Если придерживаться упомянутых вами типов, я никогда не уподоблял так называемый философский текст тексту так называемому литературному. Мне кажется, что различие между двумя этими типами не устранить. При этом надо учесть, что границы между ними более сложны (например, я не думаю, что это, как вы подсказываете, жанры и, главное, менее естественны, менее внеисторичны и заданы, чем о том принято говорить или думать. Оба эти типа могут переплетаться в одном и том же своде текстов, следуя законам и формам, изучение которых не только интересно и ново, но и необходимо, если хочешь еще ссылаться но что-то вроде подлинного "философского дискурса", зная, о чем идет речь. Разве не следует поинтересоваться условностями, установлениями, интерпретациями, которые производят или поддерживают этот аппарат разграничения, - со всеми вводимыми ими нормами и, стало быть, исключениями из них. К этому комплексу вопросов невозможно подступиться, не спросив себя рано или поздно: "Что такое философия?" и "Что такое литература?". Трудные и как никогда открытые, вопросы эти сами по себе не являются - по определению и если, по крайней мере, рассматривать их эффективным образом - ни просто философскими, ни просто литературными. В конечном счете, то же самое я скажу и о текстах, которые пишу сам, во всяком случае в той мере, в какой они сработаны или надиктованы завихрениями этих вопросов. Это не означает, по крайней мере я на это надеюсь, что они отступаются от необходимости доказывать со всей возможной строгостью, даже если правила доказательства уже не вполне и, особенно, не всегда те же, что и в том, что вы называете "философским дискурсом". Даже и внутри оного, вы же знаете, режимы доказательности весьма проблематичны, множественны, подвижны. Они сами составляют постоянный объект всей истории философии. Развернувшиеся по их поводу дебаты тесно переплетаются с самой философией. Не думаете ли вы, что для Платона, Аристотеля, Декарта, Гегеля, Маркса, Ницше, Бергсона, Хайдеггера или Мерло-Понти правила доказательства должны были быть одними и теми же? А также и язык, логика, риторика?

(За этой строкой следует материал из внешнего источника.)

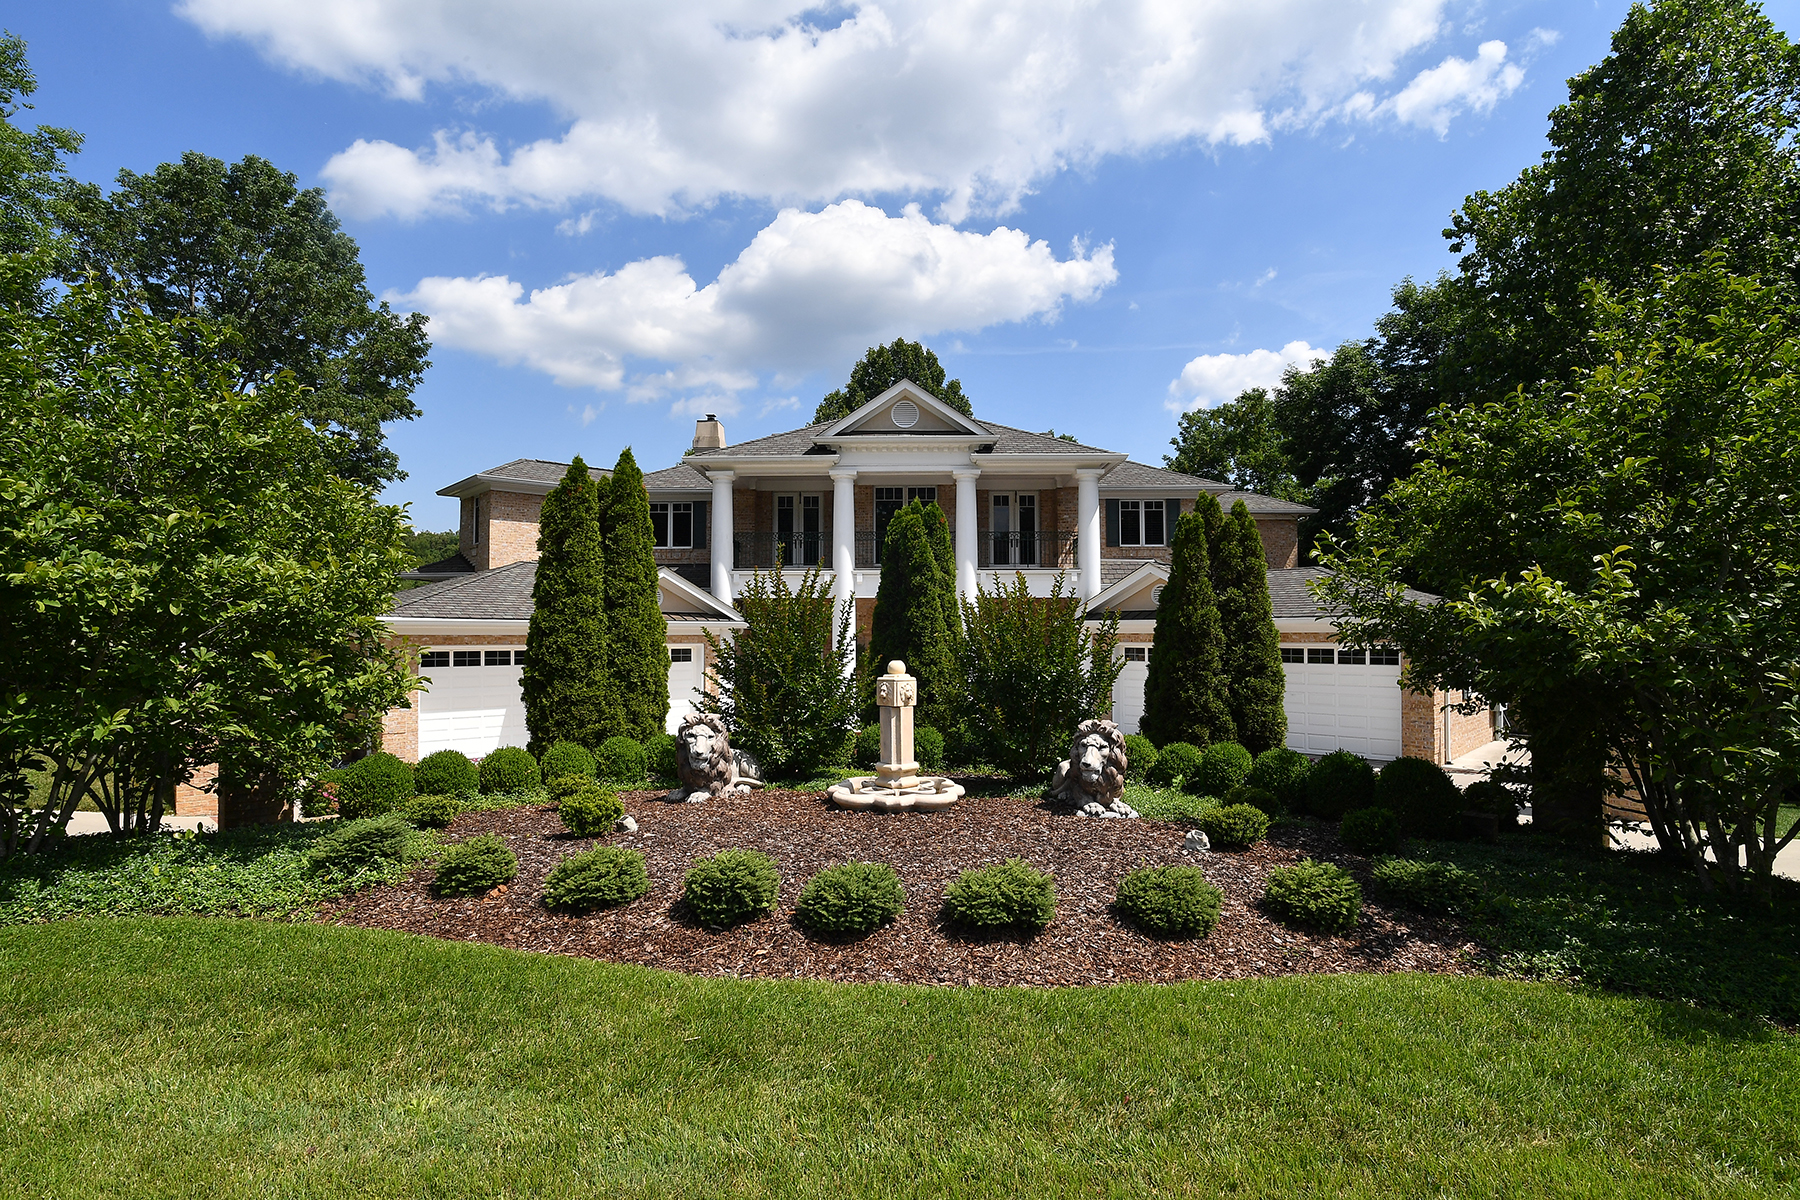 단독 가정 주택 용 매매 에 BRISTOL - THE VIRGINIAN 14914 Springview Ridge Bristol, 버지니아, 24202 미국

Анализировать форму "философского дискурса", способы его композиции, его риторику, метафоры, язык, свойственные ему вымыслы, все, что в нем сопротивляется переводу, и т.п. не означает сводить его к литературе. Все еще весьма философской задачей (даже если она и не остается философской насквозь) является изучение этих "форм", которые больше чем формы, также как и модальностей, сообразно которым, интерпретируя поэзию и литературу, приписывая им некий социальный и политический статут, стремясь исключить их из своего собственного свода, институты академической философии отстаивали собственную свою автономию, практиковали отрицание по отношению к своему собственному языку, к тому, что вы называете "литературностью", и вообще к письму, не придавая должного значения корням своего собственного дискурса, отношению между речью и письмом, процедуре канонизации важнейших или образцовых текстов и т.п. Протестующие против всех этих вопросов ожидают, что им удастся сохранить в философии некоторый институциональный авторитет, обездвижив те формы, которые он принял на данный момент. Защищая себя от этих вопросов и от преобразований, к которым
оные взывают или которые предполагают, они тем самым защищают от философии и институционализированную систему. С этой точки зрения мне показалось интересным изучить некоторые дискурсы, в частности - дискурсы Ницше и Валери, которые стремились рассматривать философию как вид литературы. Но я под этим никогда не подписывался и четко это разъяснил. Те же, кто обвиняют меня в низведении философии до литературы или логики до риторики (см. например последнюю книгу Хабермаса Философский дискурс современности, французский перевод - Галлимар, 1988), явно и последовательно уклонялись от того, чтобы меня прочесть.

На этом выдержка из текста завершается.